In those days, the concept of a therapy dog might not have been widely in use; but the nuns of Mater Misericordiæ recognized that a bond of some value had formed between the girl and the four-footed waif. Rules were bent if not broken, and although in the best of health, Amy bunked in the infirmary during the week that attempts were made to determine from where the dog had come.
The unrelenting and insistent prayers with which Amy pestered God must have made Him throw up His hands in exasperation and shout “All right already!” in the halls of Heaven, because the sisters failed in their good-faith efforts to locate an owner.
After Dr. Shepherd, a veterinarian, had examined Nickie and had brought her shots up to date, and after it had become clear that the dog was uncommonly well-behaved and housebroken, Mater Misericordiæ yet again lived up to its name-Mother of Mercy-and gave Nickie a forever home.
Although, as official mascot, the dog had free rein of all buildings except the church-and was often invited there, as well-she slept every night in Amy’s dorm room. For the next eleven years she was Amy’s shadow, Amy’s confidant, and Amy’s deepest love.
Over those years, of the more than three hundred girls who came at different points in their lives to Mother of Mercy, none became better known than once-shy and silent Amy Harkinson or had more friends, or held more student offices. In each yearbook for more than a decade, no one among them saw her photograph appear more frequently than Amy’s-except Nickie, of course, whose grinning mug brightened more pages than not, appearing in class plays and in a Santa hat at Christmas parties, wearing bunny ears for Easter and an American-flag neckerchief on the Fourth of July, always surrounded by adoring girls and beaming nuns.
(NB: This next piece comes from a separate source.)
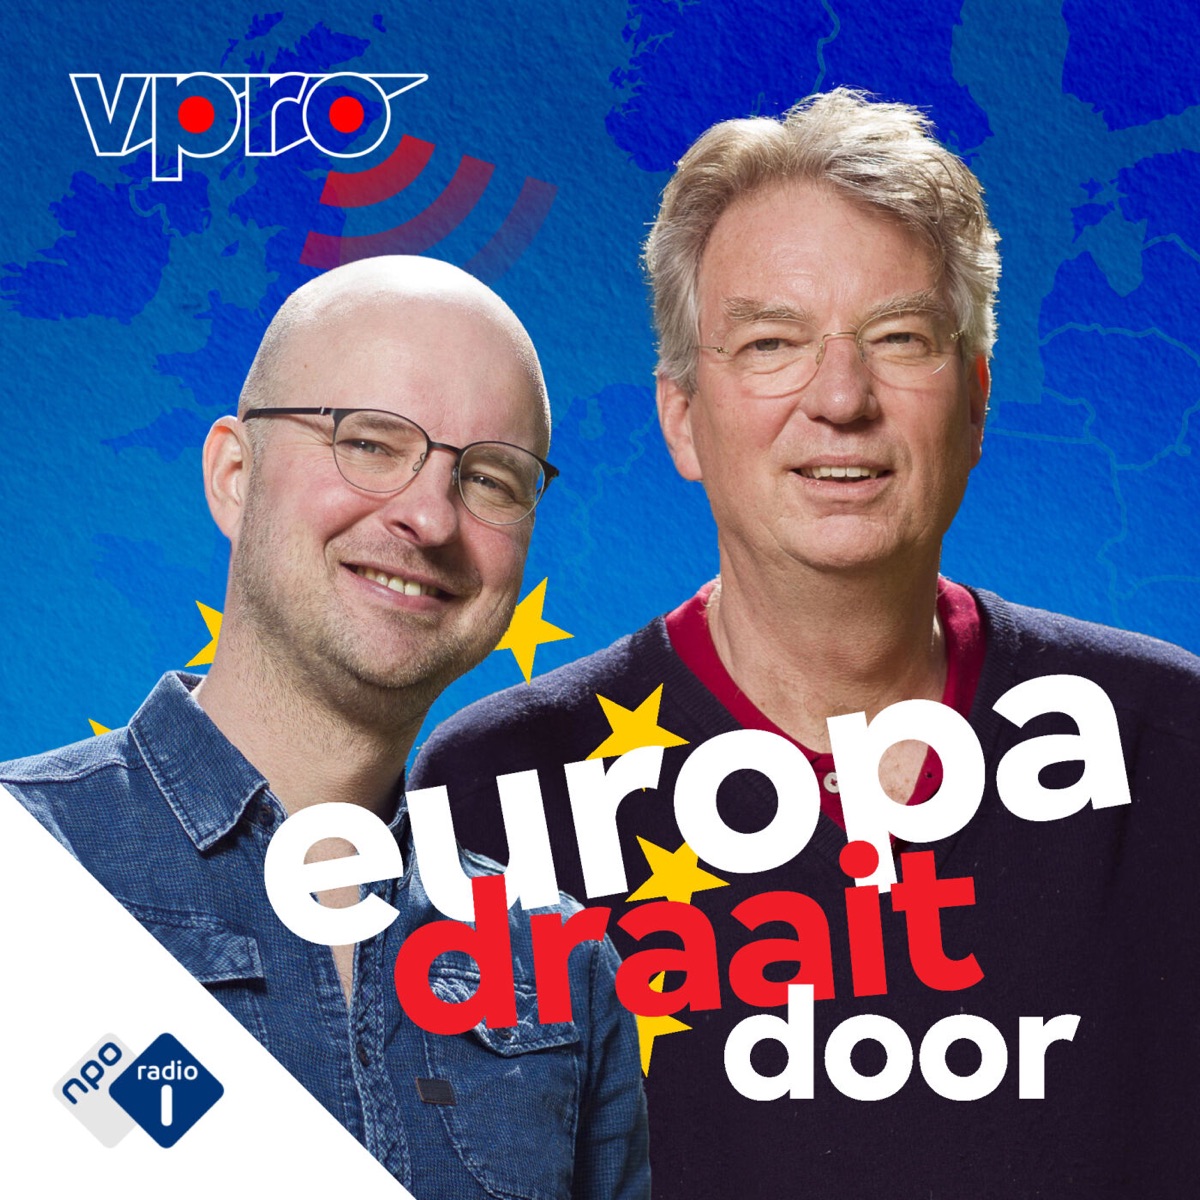 Europa Draait Door – Podcast – Podtail

Amy was sixteen when one day the usual energetic Nickie seemed tired, the next day still tired, and on the third day lethargic. She was diagnosed with hemangiosarcoma, a fast-spreading cancer that was too advanced for a surgeon to strip it all out or for chemotherapy to hold it at bay.
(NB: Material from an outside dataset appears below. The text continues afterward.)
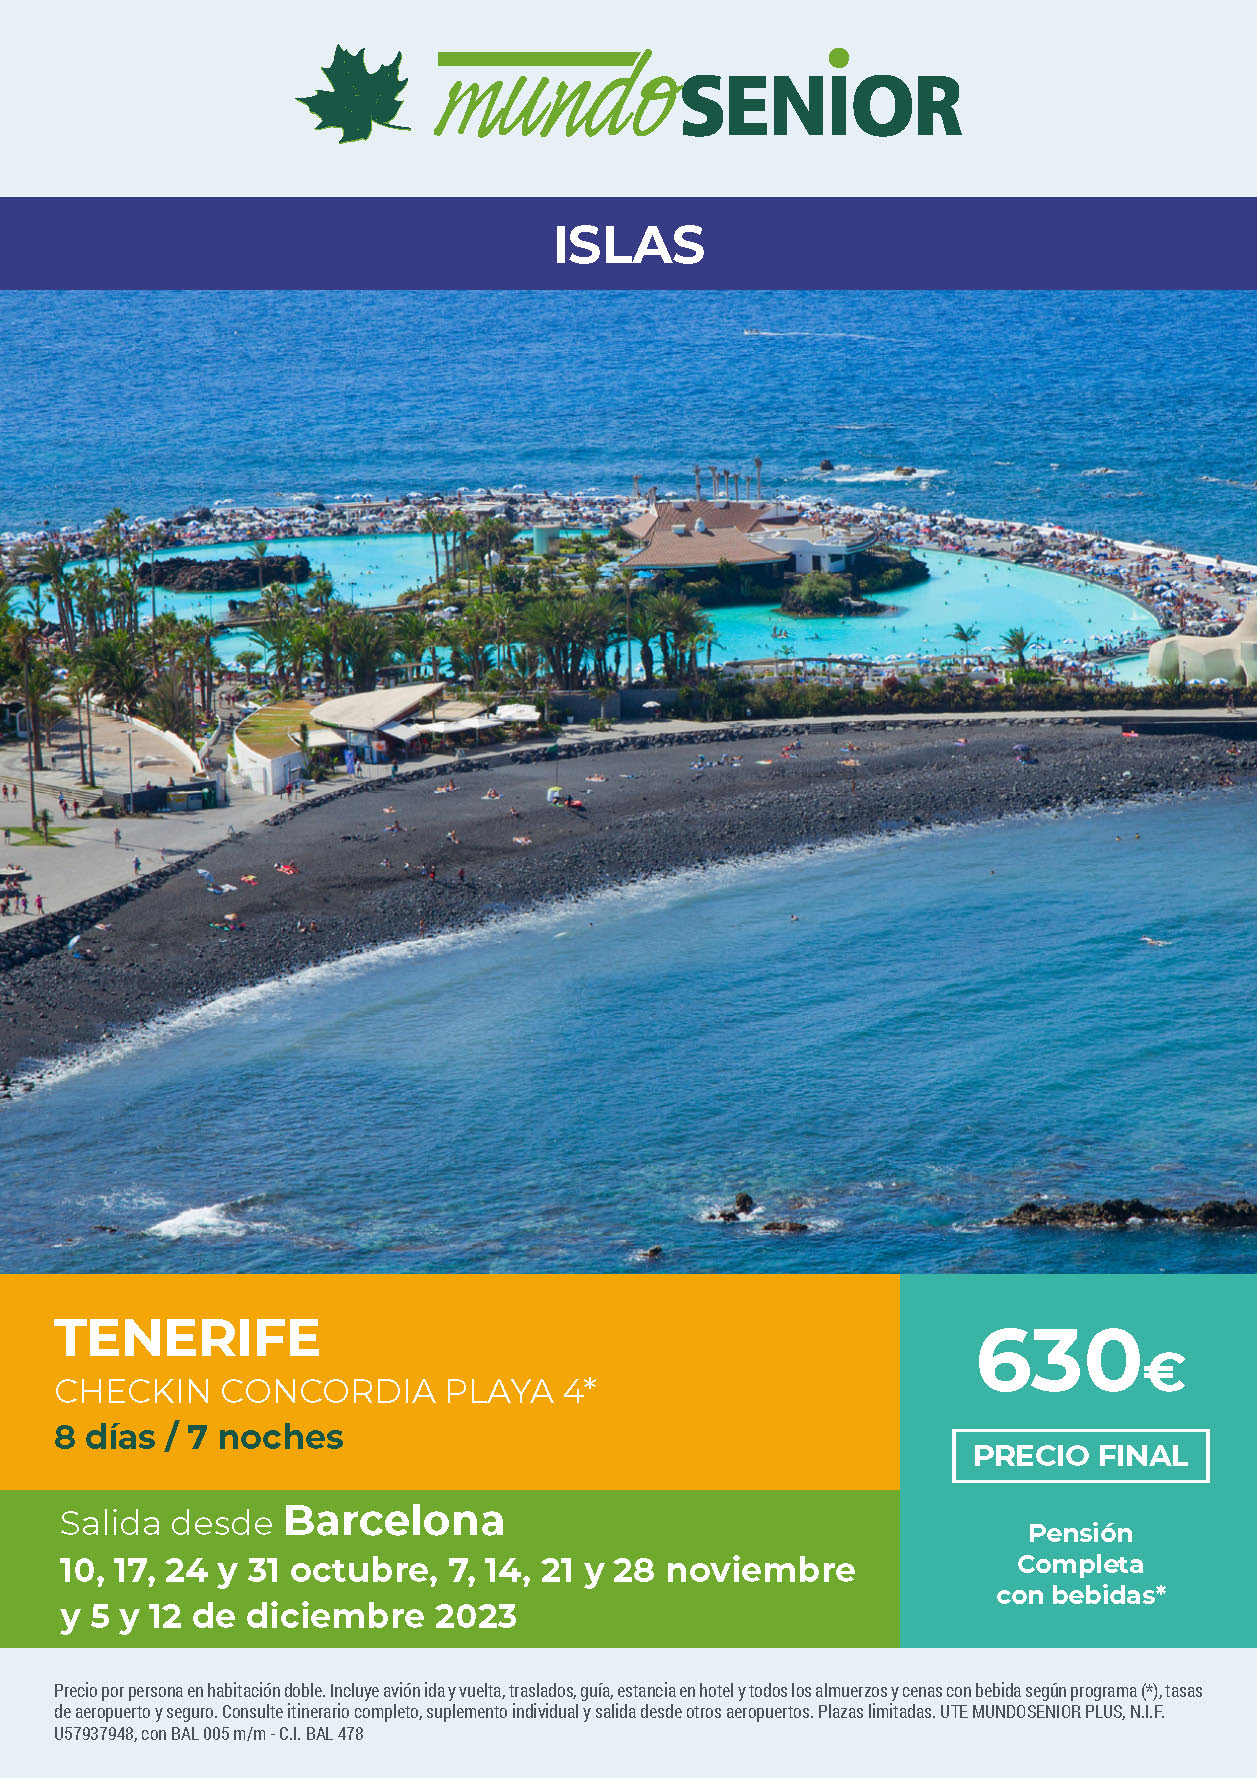 Oferta Mundo Senior Estancia en Tenerife 8 dias hotel 4 estrellas pension completa salidas octubre noviembre y diciembre 2023 desde Barcelona

Nickie’s decline was swift. Her suffering would be certain if she was not given the mercy that is right for innocent animals; and no one could bear to see her suffer.
Because God is never cruel, there is a reason for all things. We must know the pain of loss; because if we never knew it, we would have no compassion for others, and we would become monsters of self-regard, creatures of unalloyed self-interest. The terrible pain of loss teaches humility to our prideful kind, has the power to soften uncaring hearts, to make a better person of a good one.
Mother of Mercy was a fine school as well as an orphanage. The passing of Nickie, dear mascot to all and sister to Amy, provided an opportunity not only to share but also to learn.
Those girls who felt strong enough-most did-were invited to assemble at twilight in the quadrangle, where the issue of animals’ souls was not debated but quietly accepted, and where prayers were said for Nickie. And during prayers, as twilight faded, candles were raised, hundreds of candles, while at the center of those assembled, Amy knelt beside her best friend to give comfort and to bear witness.
Sister Agnes Mary, the infirmarian, had volunteered to assist Dr. Shepherd, the veterinarian, in the administration of the two injections. The first would be a sedative to convey Nickie into a deep sleep, and the second would be the drug that stopped her heart.
Nickie’s favorite recreation-room sofa had earlier been placed in the center of the quadrangle, and Nickie, so weakened, had been carried to it. Amy knelt on the ground, face to face with this first dog that she had ever saved.
Estimated to have been three when she had limped up the meadow to her mistress, Nickie had been fourteen there in the last twilight of her fabled life, but she had still looked like a puppy, with little white in her face.
Only sixteen, Amy found a strength in herself that she had not known she possessed, strength to keep her voice calm and reassuring, even if she could not hold back the tears.